• ASSIGNED TASK: The listing below should be printed exactly, every line of it. Skip the pictures.

• GIVEN MATERIAL:

⟨

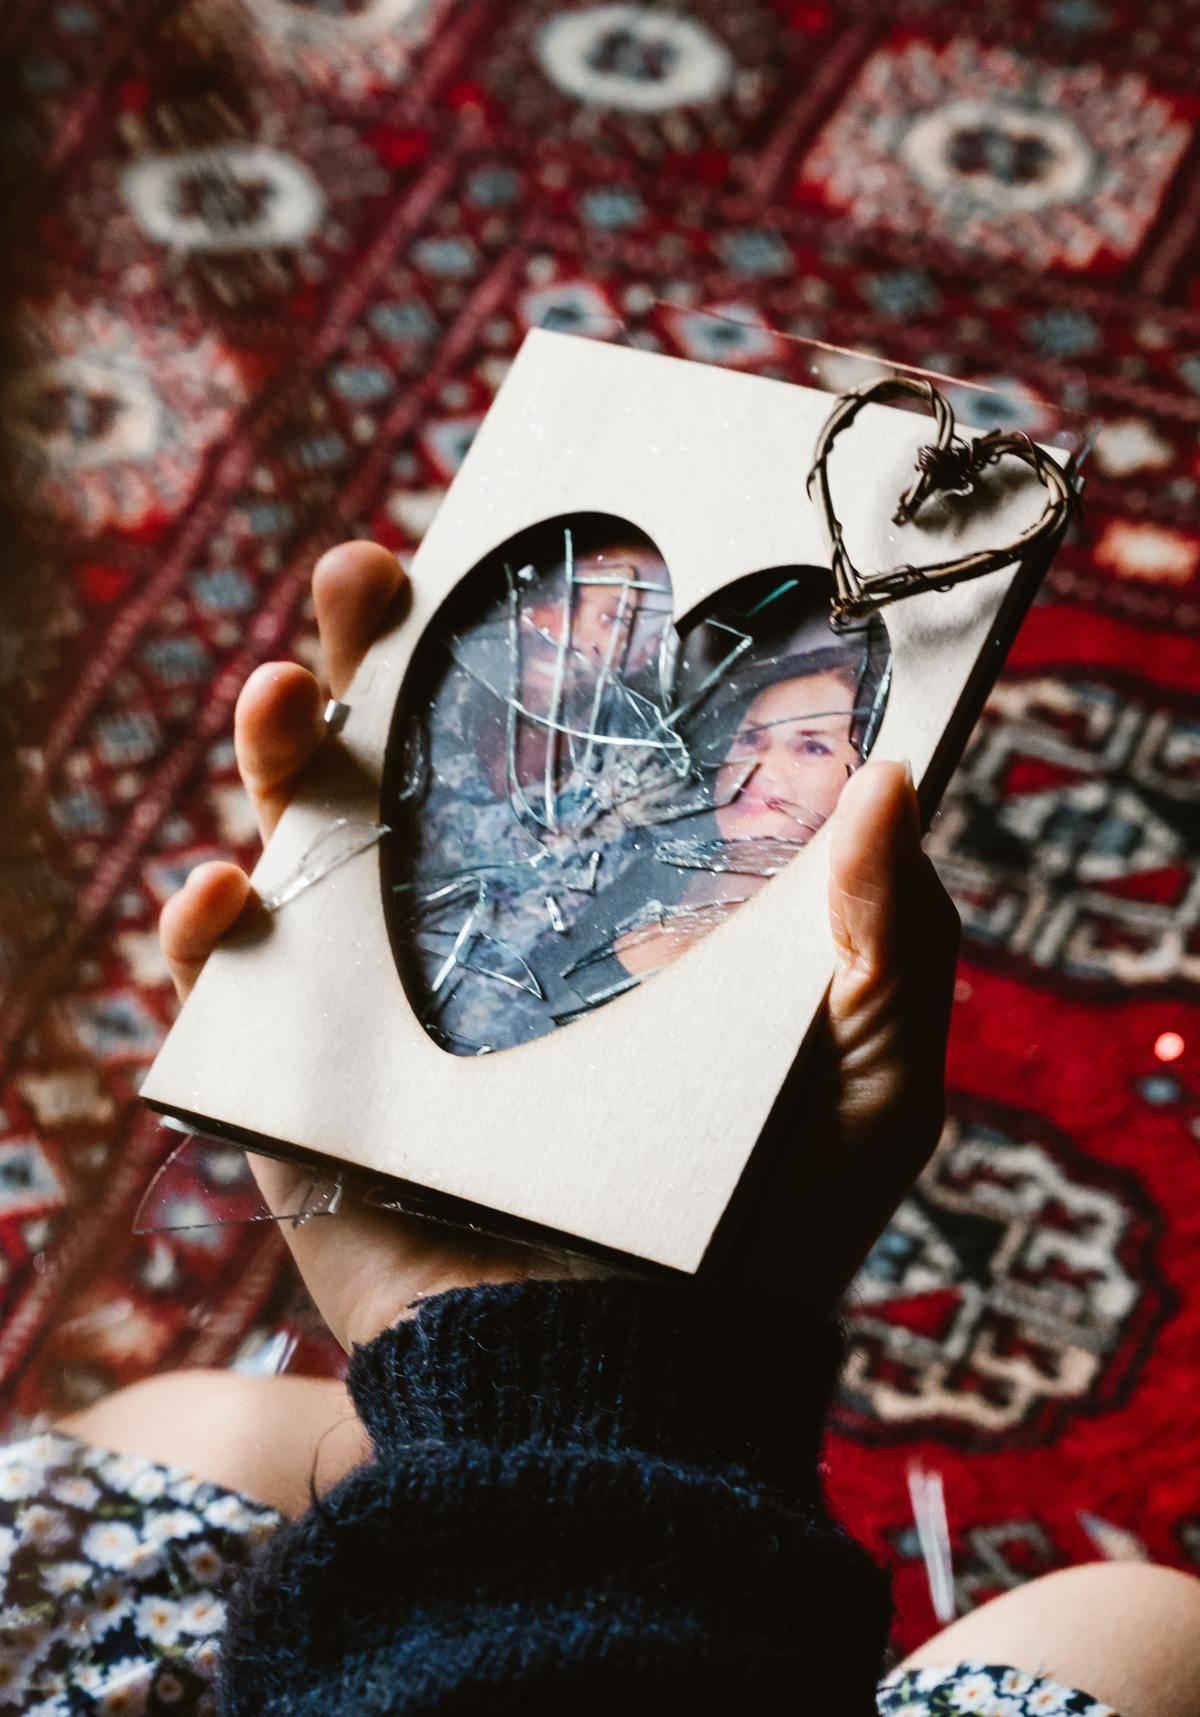 Broken frame photo in heart shape, smashed glass
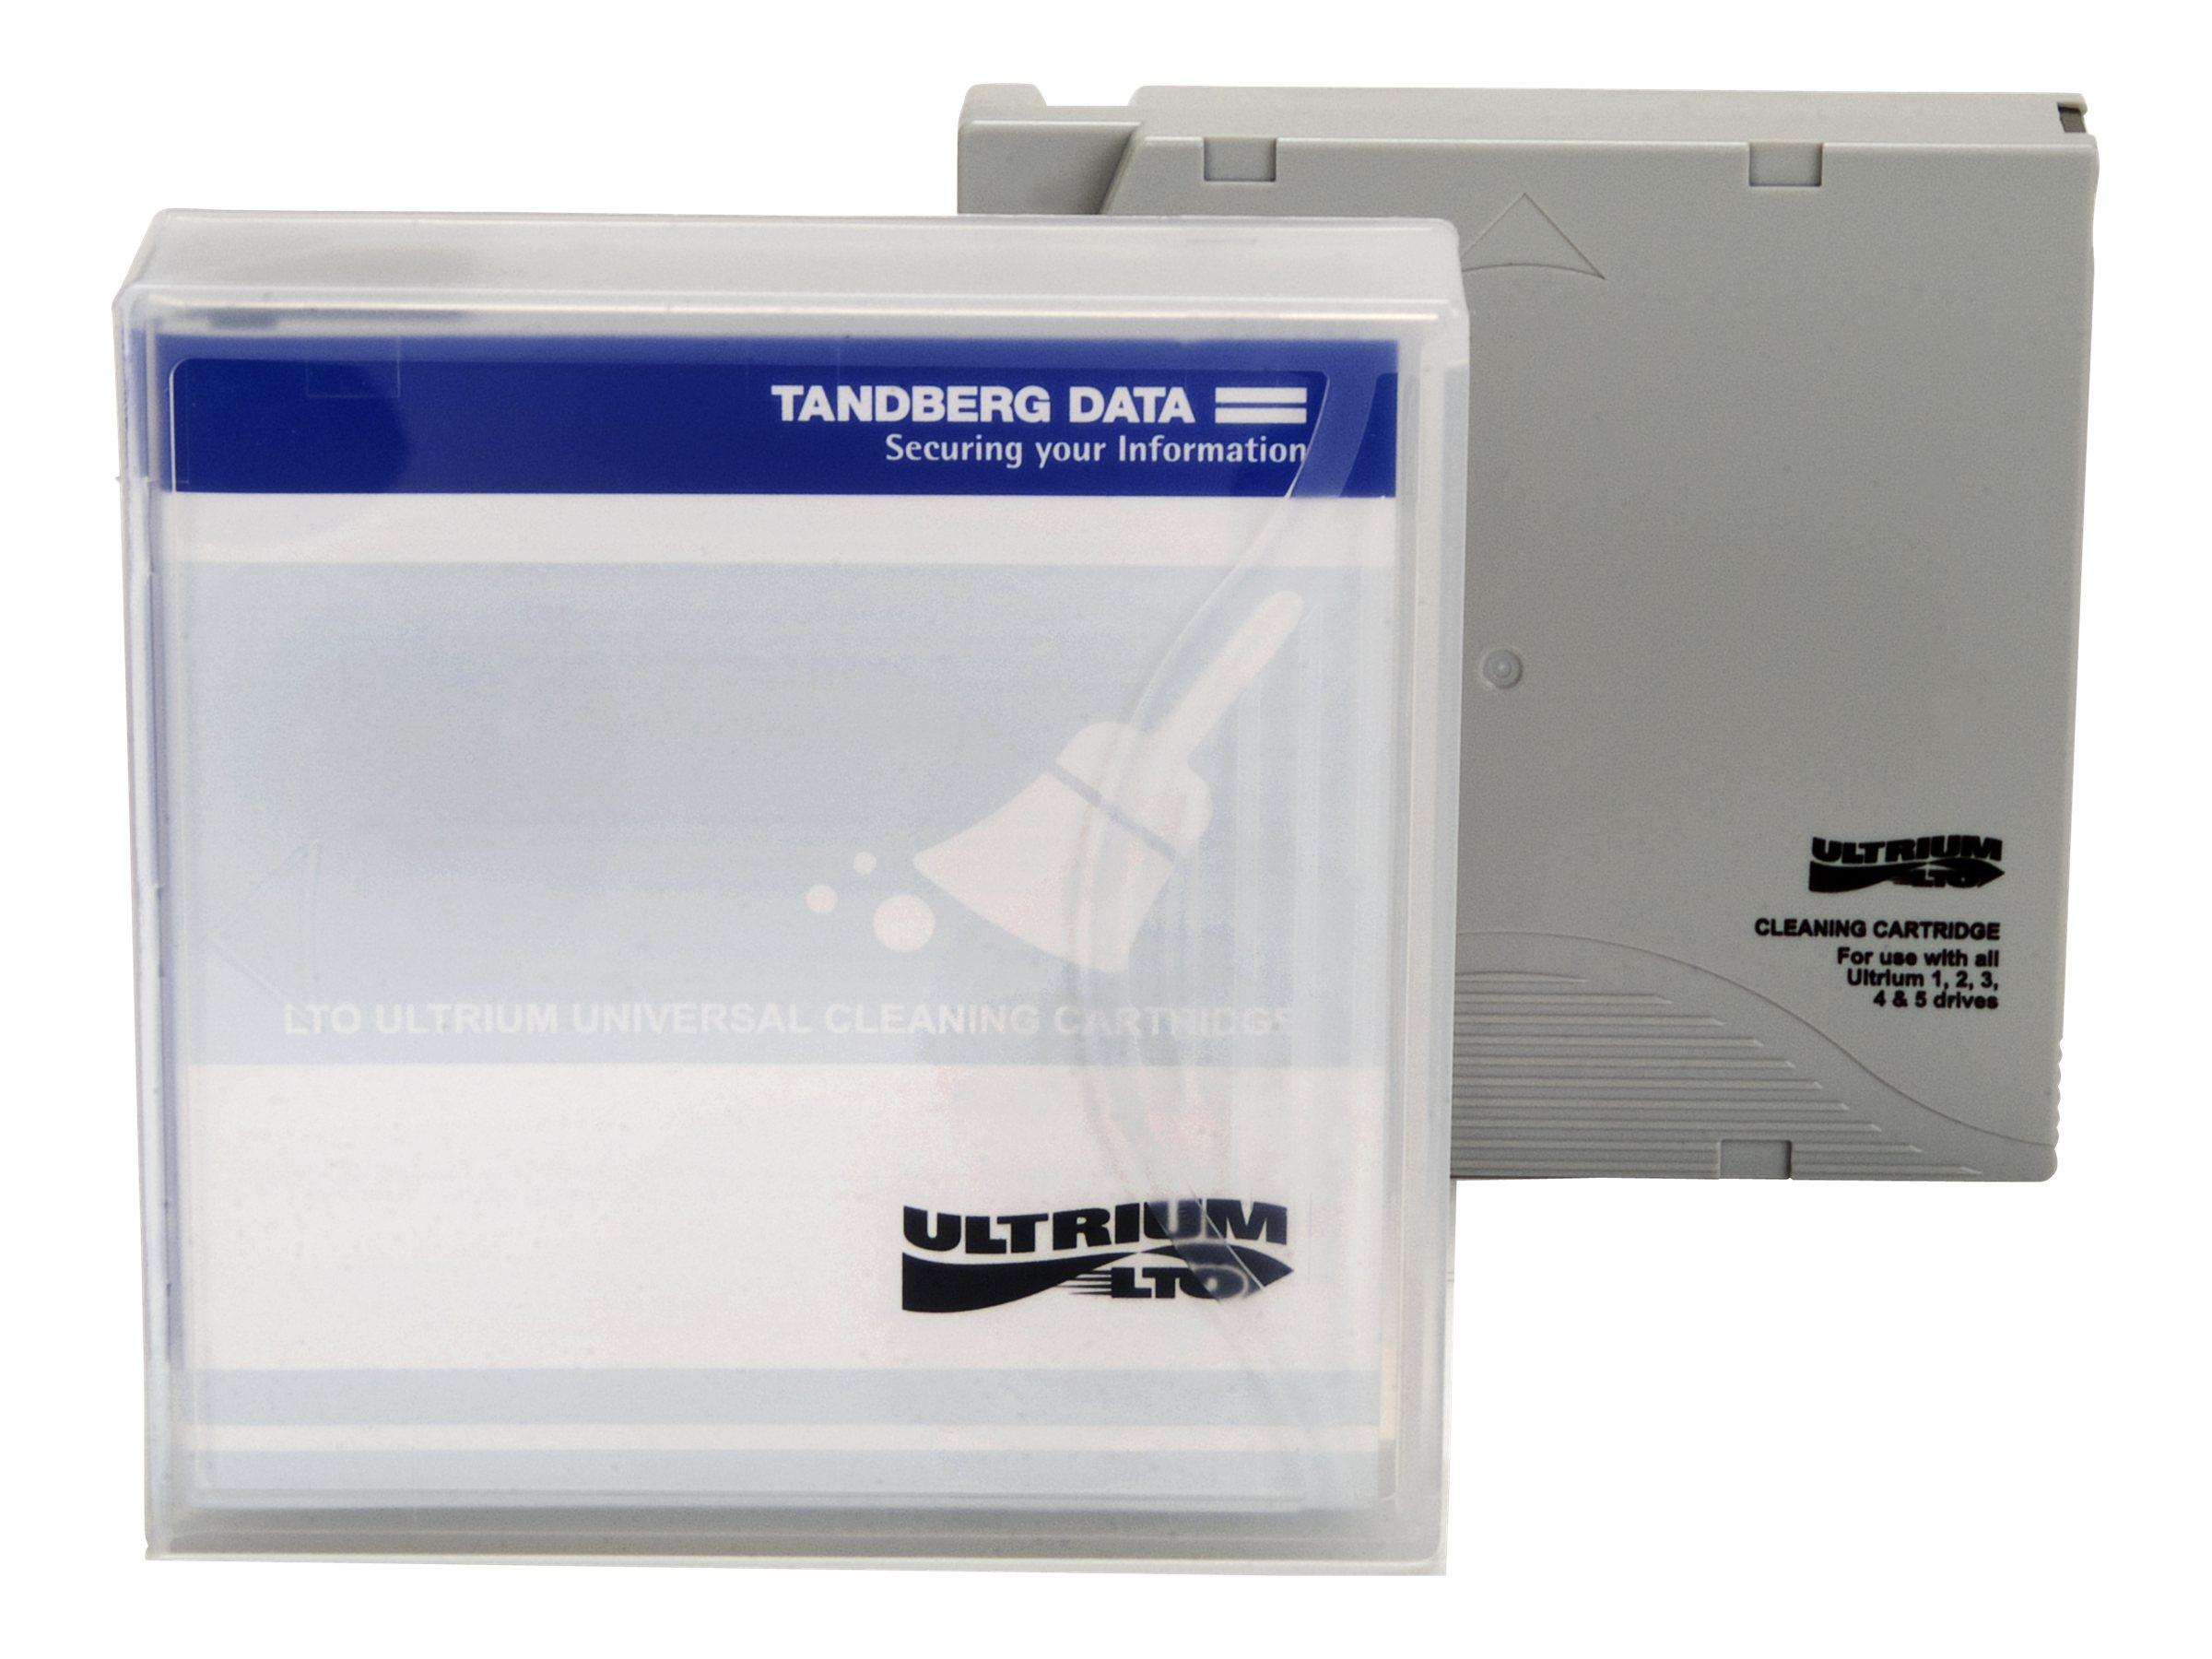 Overland-Tandberg LTO Ultrium - Reinigungskassette
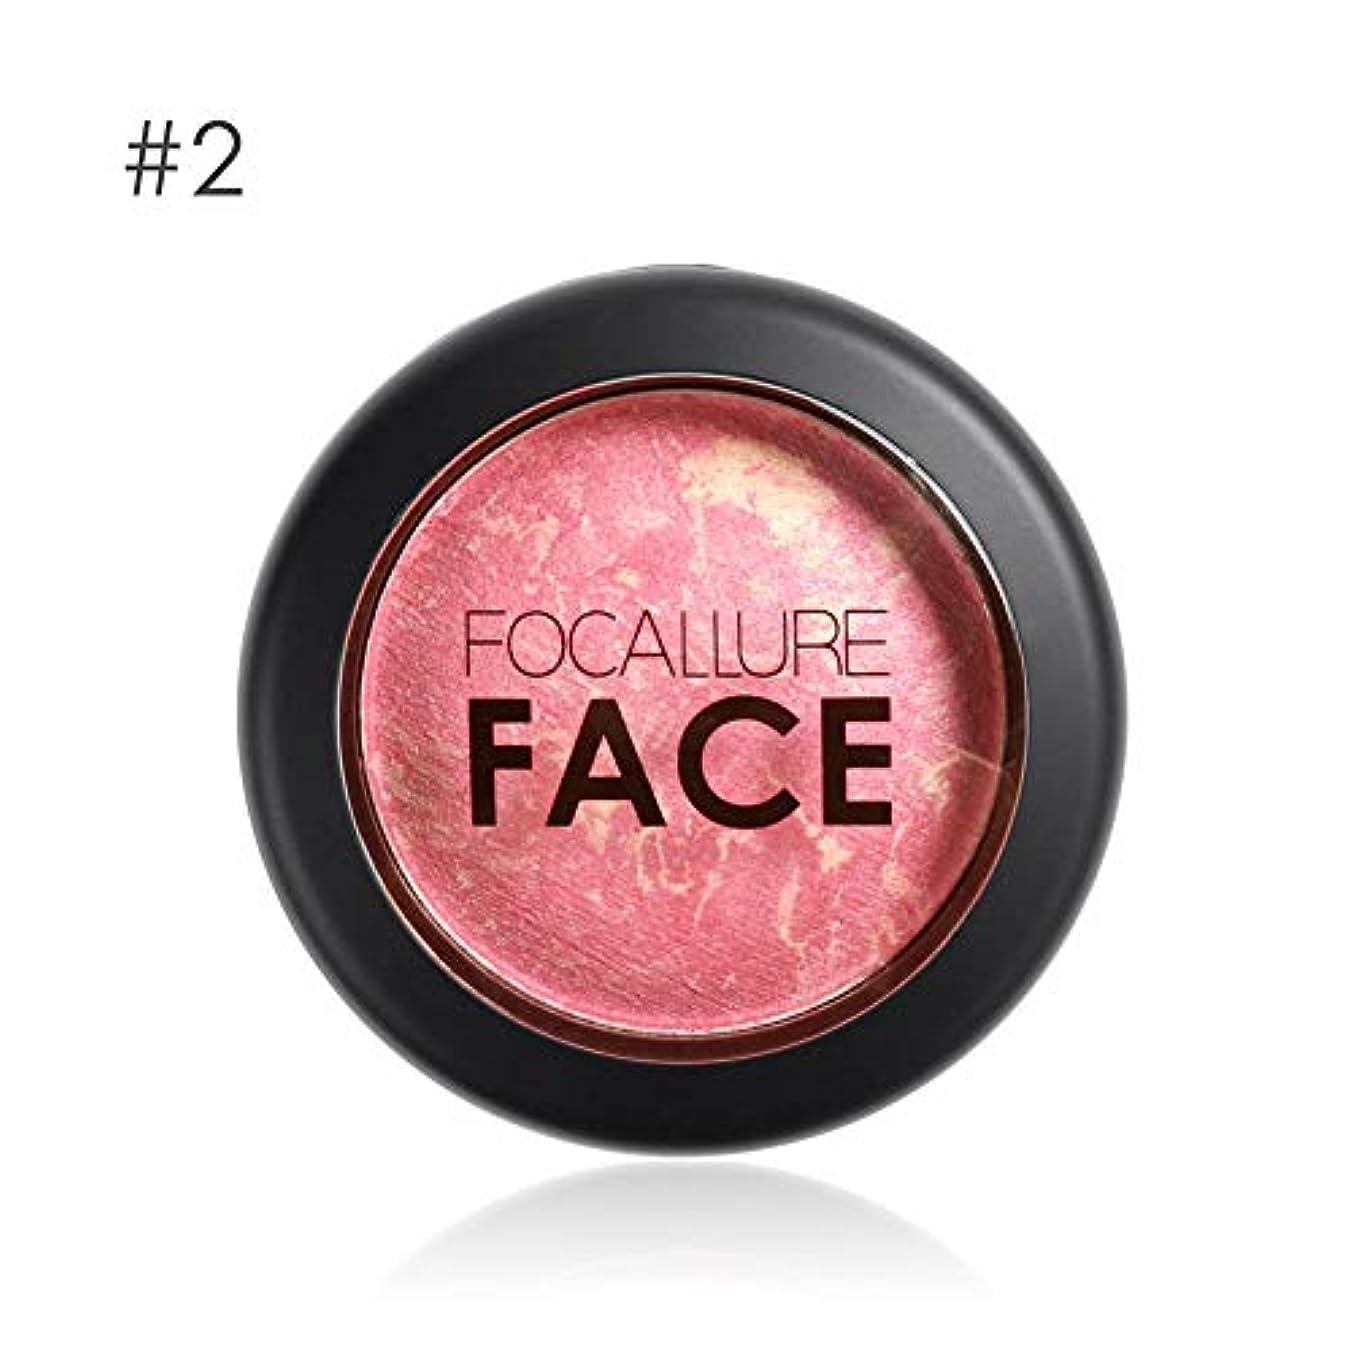 Focallure 6色プロフェッショナル頬焼き赤面フェイス輪郭頬紅メイク - 2#

⟩

• EXERCISE RESULT:
 Broken frame photo in heart shape, smashed glass
 Overland-Tandberg LTO Ultrium - Reinigungskassette
 Focallure 6色プロフェッショナル頬焼き赤面フェイス輪郭頬紅メイク - 2#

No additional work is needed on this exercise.